Jackie Williams is a Respiratory Care Practitioner at Emory University Hospital Midtown, recently presented an abstract at the 2013 AARC Congress in Anaheim, California entitled:
The Impact of Different Closed Suction Catheter Designs and pMDI Adapters/Spacers on Aerosol Delivery in Simulated Adult Mechanical Ventilation with “Wet” and “Dry” Exhalation
I recently had the pleasure of interviewing Jackie about her experience in California. Jackie is a very intelligent, professional and compassionate practitioner who inspires others to give more to their profession.
This topic came about after my co-workers and I questioned the effectiveness of our pMDI therapy given to mechanically ventilated patients. A white residue was observed in the ETT and/or closed suction catheter system after medication administration, depending on the MDI spacer or adapter position in the circuit. I began to research the topic of aerosol deposition in relationship to the closed suction catheter system. I found no information even thought it is very common to find MDI spacers or adapters that are paired with closed suction catheter systems or in the ventilator circuit itself.
I started researching this topic almost three years ago and it is still ongoing. It has been enjoyable but challenging, considering that I graduated from college thirty three years ago. I had to refresh myself on various topics including: research, research protocols, aerosol therapy, suction catheters and humidification. The many hours spent reading the articles associated with my research has increase my knowledge and had enhanced my bedside practice with aerosol therapy on ventilated and non – ventilated patients. I have also learned to read articles with a more detailed eye.
The laboratory testing of my research was performed at Georgia State University by Dr. Arzu Ari, Dr. James Fink and myself. Both Dr. Ari and Dr. Fink were very patient and supportive of my research. The hospital based research would not have been possible without the support of Jane Bockman (Director of Respiratory Care), Tim Isaac (Assistant Director) and my fellow therapists at Emory University Hospital Midtown.
My topic was selected and presented to the AARC Congress this past November, in the Open Forum phase. The presentation of new research is done informally. The research topics are presented in two parts. First, the investigators stand beside their research posters. They answer questions and discuss the details of their research with the forum attendees for a thirty minute period. This allows the audience to have an understanding of the research topic. After the one on one period the investigator is called to the podium and speaks on their topic for about eight minutes, followed by questions and discussion from the audience.

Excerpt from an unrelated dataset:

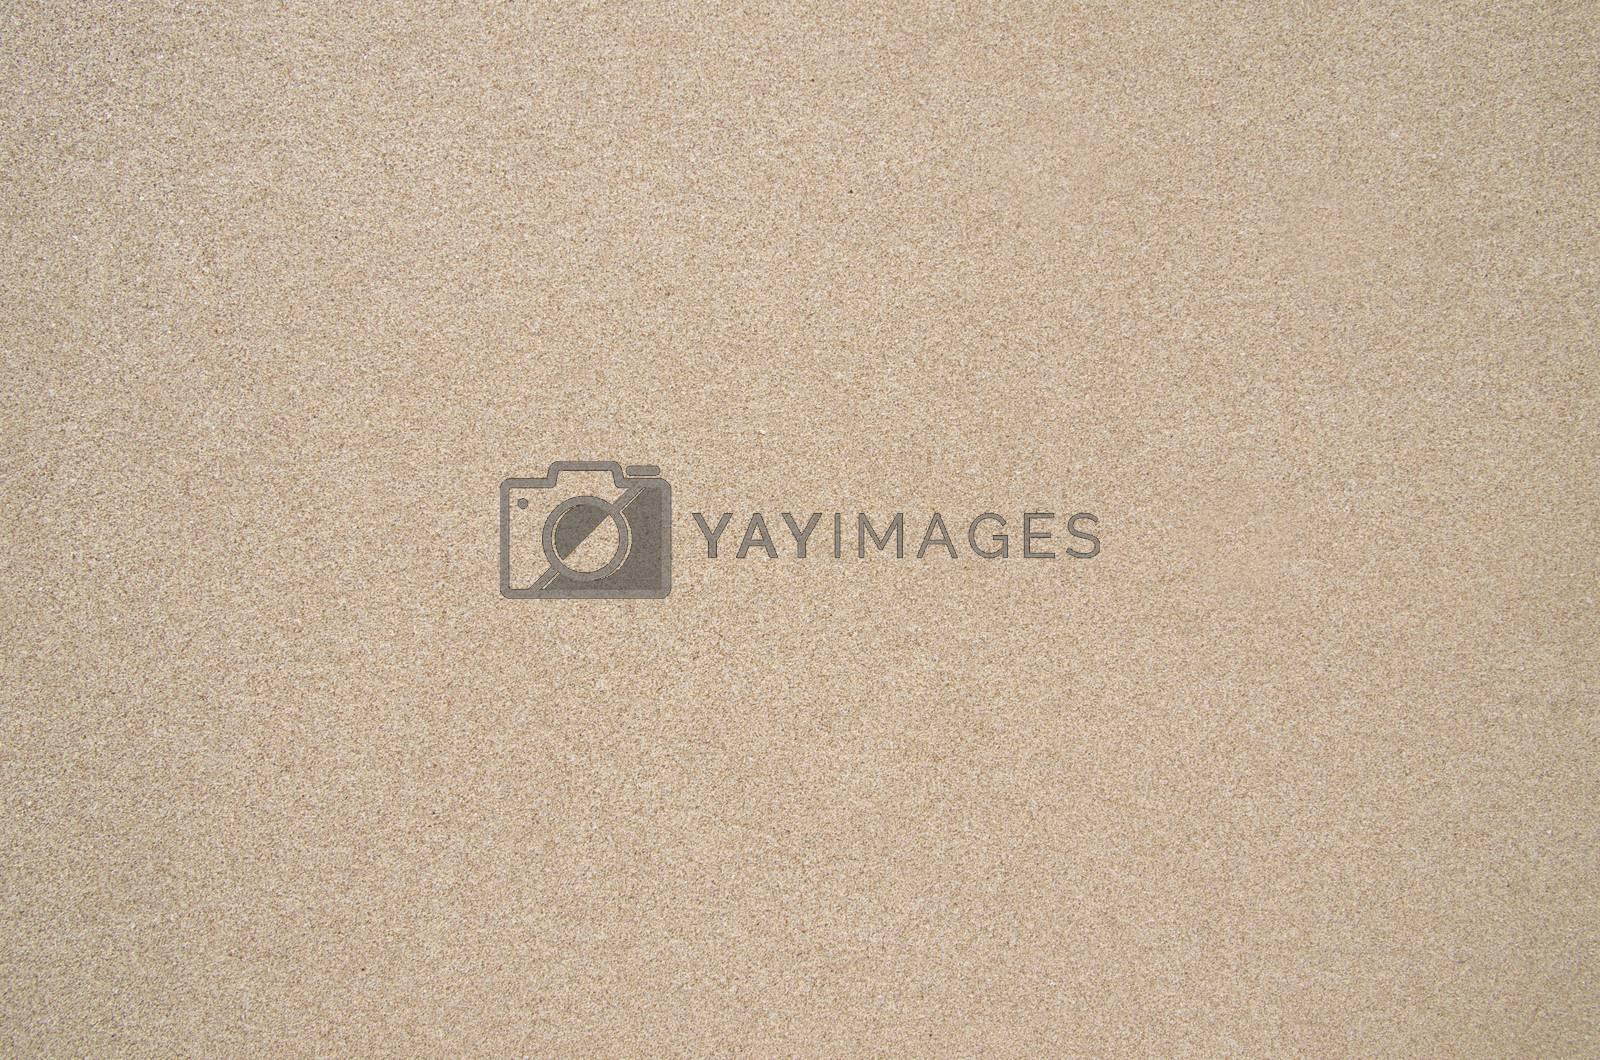 Royalty free image of sand by Pakhnyushchyy

Presenting my research was very exciting to me. Knowing that my topic was unique and had never been investigated, sparked a lot of interest and discussion among myself and my peers. Due to my fear of public speaking, I was very glad that I completed the podium presentation without a hiccup. An outline of my presentation helped me stay focused and also a familiar face from GSU in audience was supportive.
A person does not have to be pursuing and advanced degree to have an impact in research. Many bedside clinicians are some of the world’s best problem solvers and problem identifiers. There will always be clinical situations that require us to think outside of the box. Thinking outside of the box, in most cases, is not evidence supported but the interventions do work! Partnerships between bedside clinicians and researchers can help validate real life clinical interventions that are both practical to implement and cost effective as well. This creates a win-win for our patients and institutions. I believe that partnerships should be both encouraged and implemented whenever the opportunity arises.
Presenting original research at our National Congress has been a highlight in my professional career. This experience has validated my views regarding learning and professional comradery. Despite the fact that I am considered “Seasoned” or “Old School” I believe that learning and professional enrichment should never stop as long as someone has the desire. Positive outcomes for our patients and profession are only achieved through teamwork and comradery.